Turkey deploys 1,000 police at Greek border to stem push-back of migrants

Turkey deploys 1,000 police at Greek border to stem push-back of migrants

ANKARA-Reuters

AFP Photo

Turkey is deploying 1,000 special police forces along its border with Greece on March 5 to halt the pushback of migrants towards its territory, Interior Minister Süleyman Soylu said, adding that 164 migrants had been wounded by Greek authorities.

Soylu's comments come amid a war of words between Ankara and Athens after Turkey said it would no longer try to stop migrants from reaching Europe.

Since then, thousands of migrants have rushed to the Turkish border with Greece in hopes of crossing into Europe. Ankara has accused Greek authorities of shooting dead and injuring migrants near the border.

Speaking to reporters in the northwestern border province of Edirne, Soylu said Greek police had wounded the scores of migrants trying to cross the border.

"They wounded 164 people. They tried to push 4,900 people back to Turkey," he said. "We are deploying 1,000 special force police to the border system... to prevent the push-back."

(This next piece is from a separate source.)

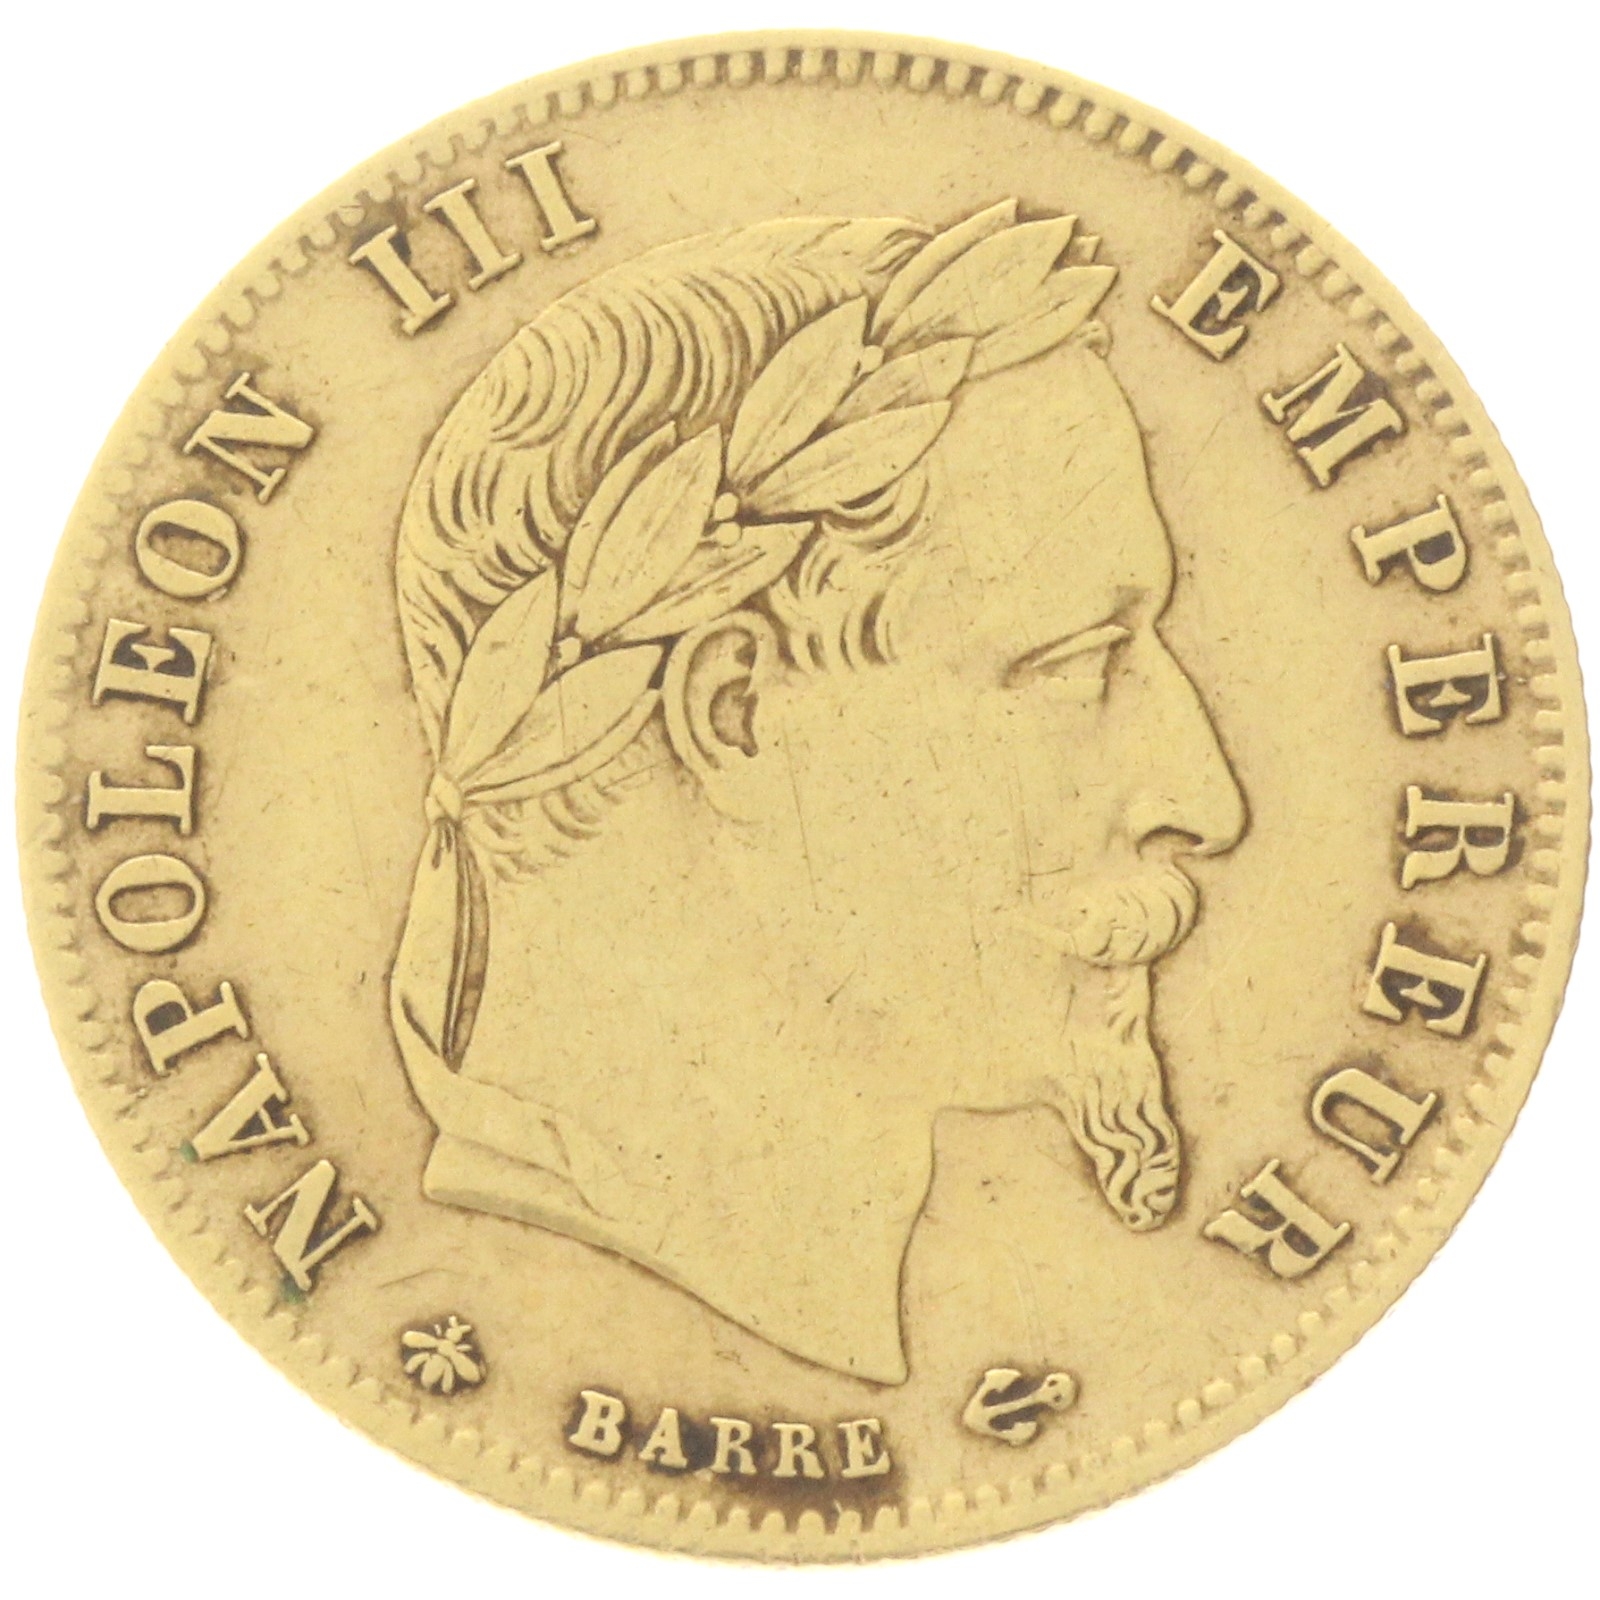 France - 5 francs - 1863 - A - Napoleon III

Turkey, locked in a military conflict with Moscow and Damascus in northwest Syria, hosts 3.6 million Syrian refugees and has said it cannot handle more. It wants the EU to more forcefully back its efforts in Syria and deliver more funds to care for the nearly one million displaced there.

Human rights case over Greece's treatment of migrants

Soylu also said on March 4 that Turkey was preparing a case in the European Court of Human Rights over Greece's treatment of migrants, and added the EU has so far made no concrete offer to deal with thousands trying to enter the bloc.

Soylu said on private broadcaster CNN Türk that officials are "making preparations" to apply to the ECHR over Greece's interventions with the migrants. The families of two people who died have authorized Ankara to do so.

He said that more than 135,000 people had so far passed from Turkey's border province of Edirne into Greece since late last week, citing what he called daily police observation.

 

Turkish President Recep Tayyip Erdoğan met European Council President Charles Michel on March 4 as hundreds of Turkey-based migrants again tried to cross into Greece, prompting riot police on both sides of the border to fire tear gas and trade blame.

İbrahim Kalın, Turkey's presidential spokesman, told reporters in Ankara that Michel made "no concrete proposition" on migrants to the EU in talks with Erdoğan but added: "We hope they somehow formulate this plan soon and get it to us so we can quickly realize it in the event we reach agreement."

He said Turkey does not consider its decision to encourage migrants to cross over into the EU as "political blackmail" as some European officials have said.

"It is a double standard that the European Union can mobilize hundreds of millions of euros to Greece within days, but uses bureaucracy as an excuse when it comes to Turkey," Kalın added.